As organisations increasingly rely on ever more complex systems, they face a multitude of technological, staffing and operational risks. A constantly evolving presence on the internet involves rapid change in requirements, strategies, supporting systems and associated protocols. At the same time, traffic and public expectations increase. As a result, many businesses make the risk based decision to rely on a web hosting provider - an organisation whose entire business is built on the provision of reliable and cost-effective web hosting services.
Finding an acceptable web hosting provider and an optimal cost-risk-benefits balance is hard. Each organisation is likely to reach a different decision, but it is vital that the decision is made in a structured, consistent, measurable and repeatable way.

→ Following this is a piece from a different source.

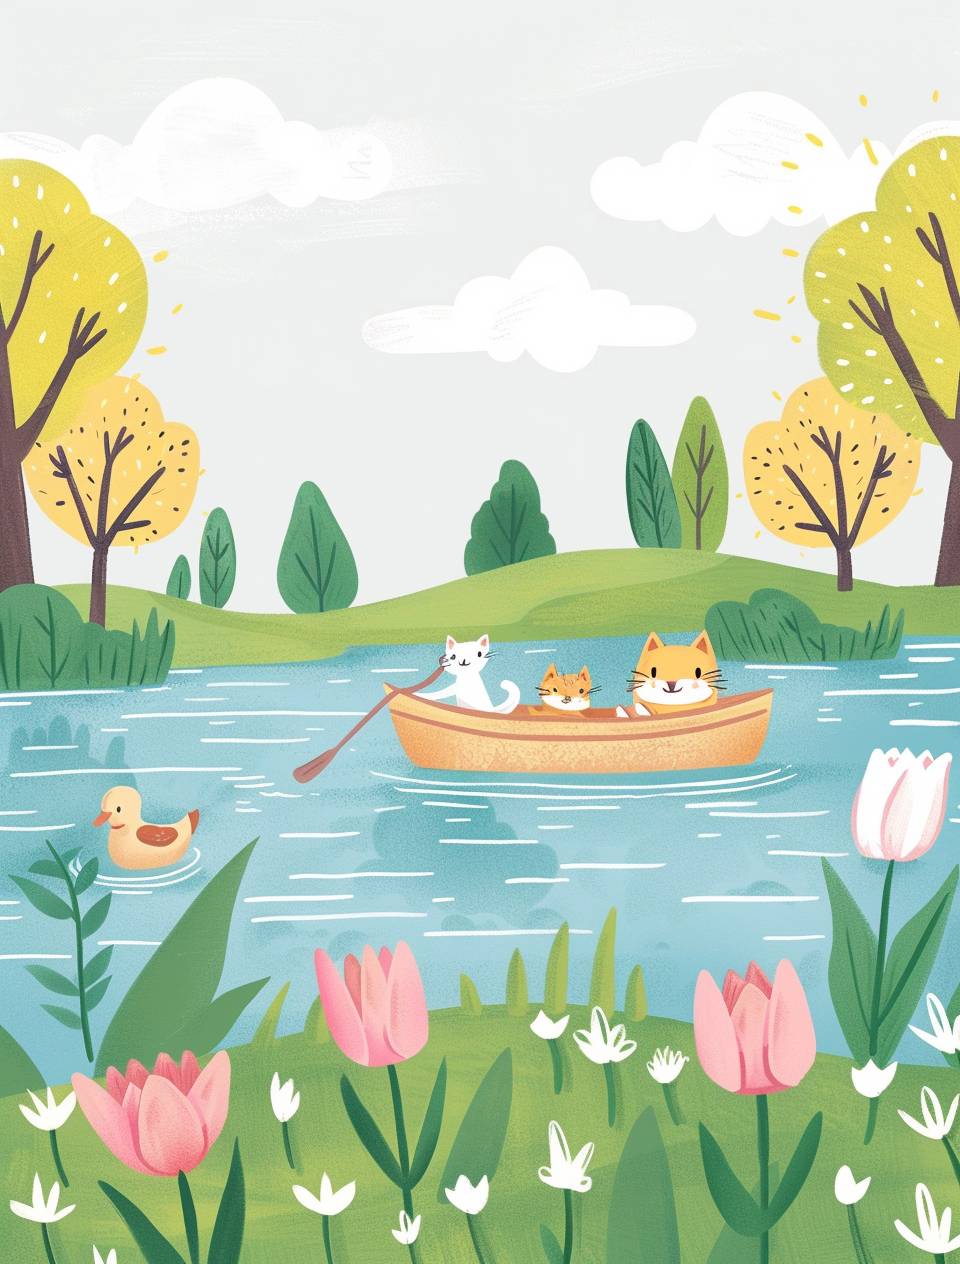 湖の中には、湖に浮かぶいくつかの動物のかわいいカートゥーンイラストが描かれています。両側には緑の芝生と木々があり、木々の上には白い雲がかかっています。小さなボートが水面を漂っており、中には漕いでいる2匹の猫が乗っています。隣には1羽のアヒルが泳いでいます。地面にはピンクのチューリップが咲いています。スタイルはジブリスタジオのようで、子供の絵本のイラストのようで、パステルカラーで、簡単な線画、クリーンな線、平面的な色彩、シェーディングなし。

In an ideal world, every product and service would be delivered to a flexible, inexpensive, low-risk, high quality standard. In reality it is necessary to assess requirements and evaluate best practices. These should include consistency within and across data centres, the provider's ability to communicate internally and with customers, their change management methodology and problem resolution processes. It is also crucial to understand the operational metrics they capture and present, as well as what cost-related compromises to service provision mean to the business.

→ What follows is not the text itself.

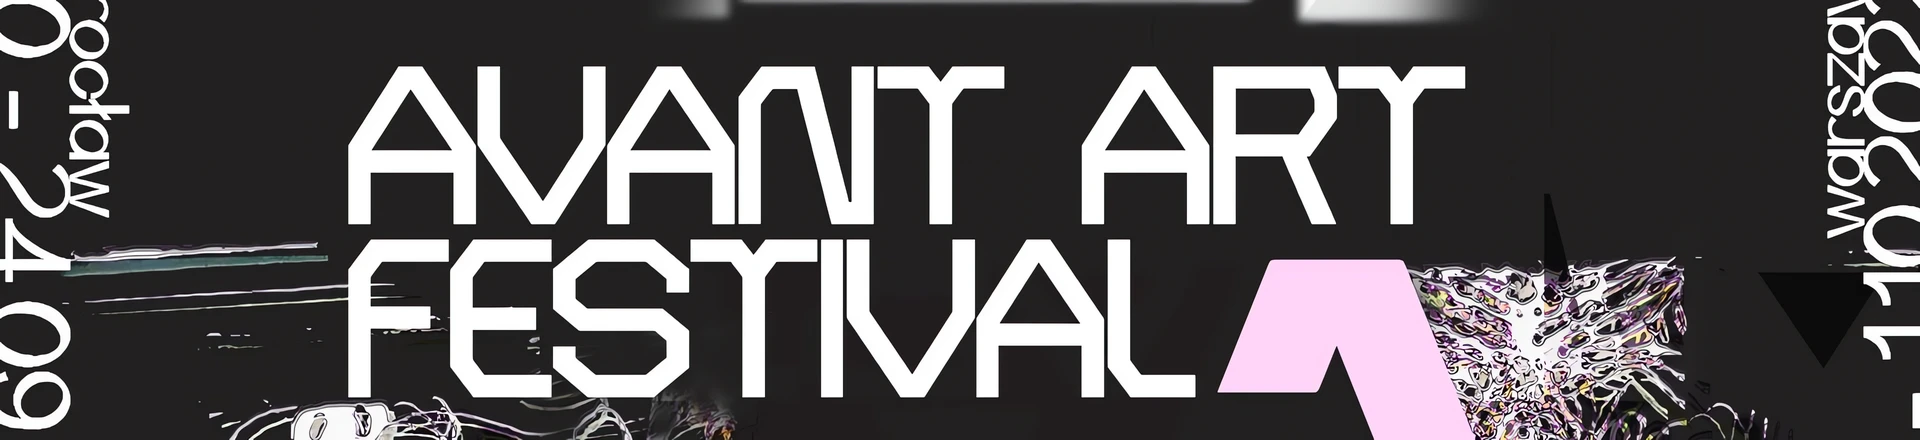 Avant Art Festival w Warszawie

What seems to be an innocuous choice can have major repercussions. The difference between 99.9% web site availability and 99.99% is 41 minutes per month or over 8 hours per year. Quantifying the maximum period of time that a website or services can be unavailable keeps many unacceptable risks at bay. This can be done by estimating the extent that public and customer perceptions would suffer without the applications run by the web service provider, over different periods of time.
Staff competence and turnover are vital aspects of the provider's risk profile. People define, build, maintain and improve the processes to achieve service delivery and provide many other value added functions. No matter how talented or qualified staff may be, experience is vital. If some have worked in, or run, data centres or server farms elsewhere, they will be better equipped to understand high-availability requirements and able to respond to outages in a timely and appropriate manner.

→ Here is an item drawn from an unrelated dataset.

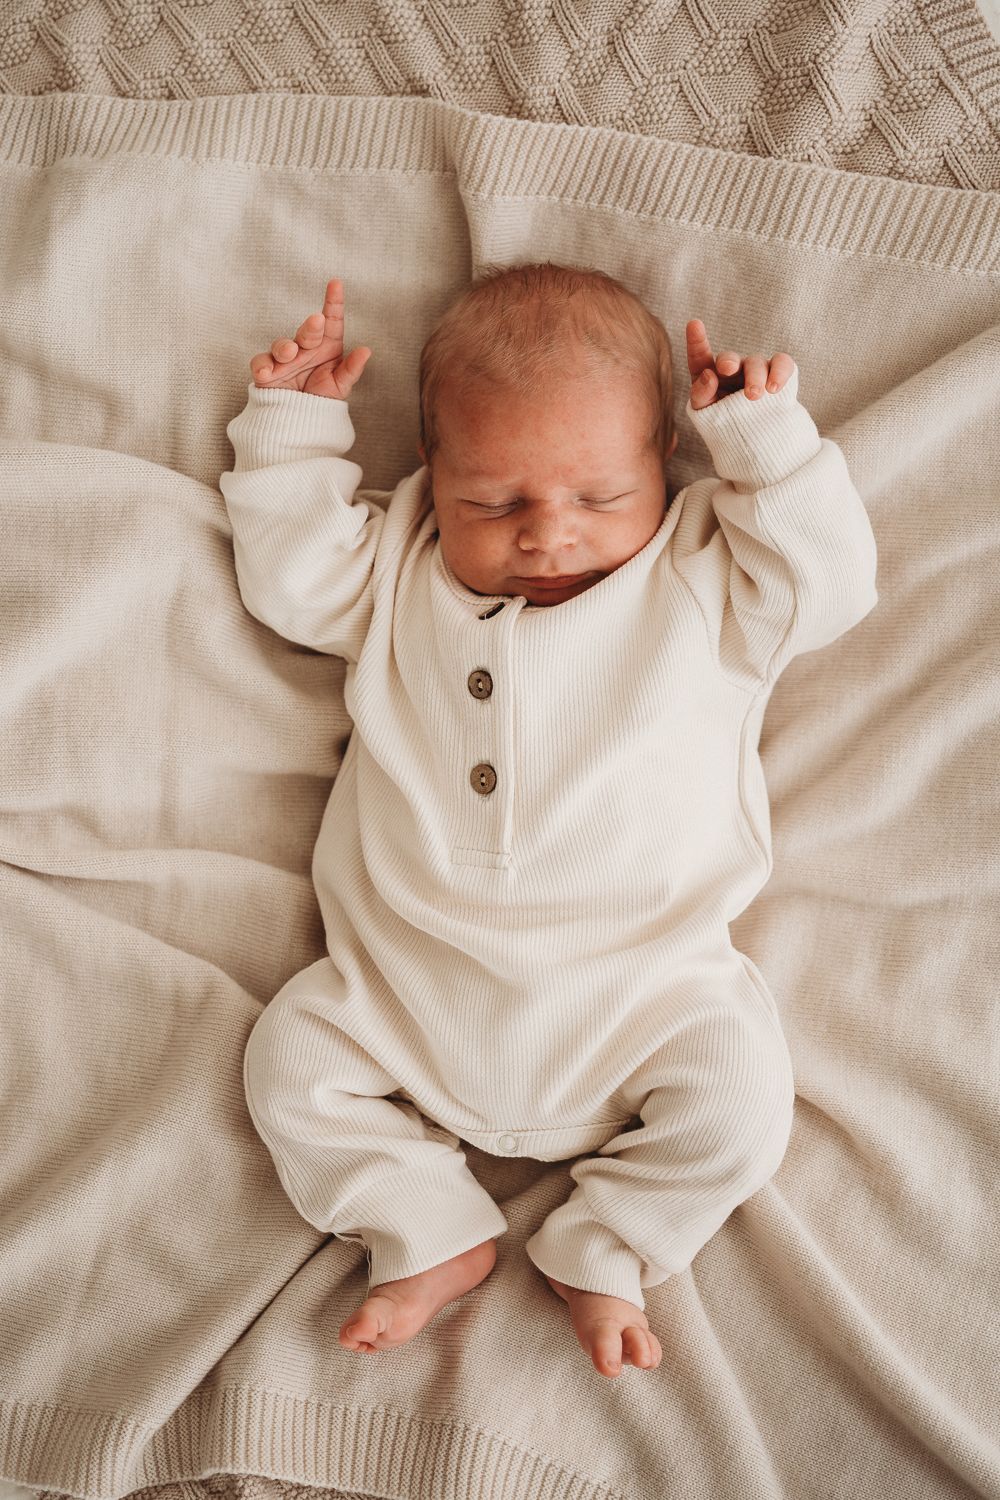 Een zachte pasgeboren baby, gekleed in een gezellig wit onesie en bijpassend Muts Ivory Dreams mutsje van Yumi Baby, ligt diep te slapen op een zacht beige.

One of the biggest challenges in web hosting is finding the ability to fix the most obscure problems quickly and thoroughly. Automated fault detection tools are very important, but the breadth of experience of the supporting staff is vital. The provider must therefore employ an appropriate mix of experience, and staff should be devoted to detail, since even simple mistakes can have huge impact on the service delivery.
The onus is not just on the supplier. The customer should ensure a match between their expectations and those of the host, and have a formal and well documented management structure, process and metrics. If the provider is expected to deliver maximum availability of the entire environment, exactly what is required should be specified and evidence of experience should be obtained.
Since web related requirements change constantly, it would also be reasonable to ensure that the hosting company actively engages in continuous development at all levels, that it tests and pursues leading edge technologies and that its staff are sufficiently experienced to do so.
A service provider who is willing to select a high availability systems architecture for an organisation, based on a brief meeting, is unlikely to take into account all aspects of the client organisation's goals, objectives and strategies or even its technical requirements.
The supplier's components, entire architecture and infrastructure is a very important factor in the minimisation of risk factors. When assistance is required regarding requirements specification, servers, operating systems, application software environment, database, load balancing, bandwidth and storage, finding providers who understand and can assemble optimal combinations of these elements is the key.
Other risk management criteria include: deployment of known and trusted hardware and software, awareness of leading edge innovations, the presence of a number of reference architectures that have been thoroughly tested under a wide variety of operating conditions, the level of automation of repetitive tasks, formal change management for even seemingly minor changes and well tested contingency and continuity plans with published results.
If a provider does not measure its day to day operations in considerable detail it cannot demonstrate that it is delivering optimal service, or that it is successfully managing any risks that manifest. The key metrics should include overall and specific component performance, problem response time, reliability and recoverability
In a market that is still changing and is likely to undergo further metamorphoses over the next few years, the best advice for any organisation looking for a web hosting partner is to carefully evaluate risks, costs and benefits. After this evaluation, the only thing that remains to be done is to put into place adequate and seamless continuity and contingency plans.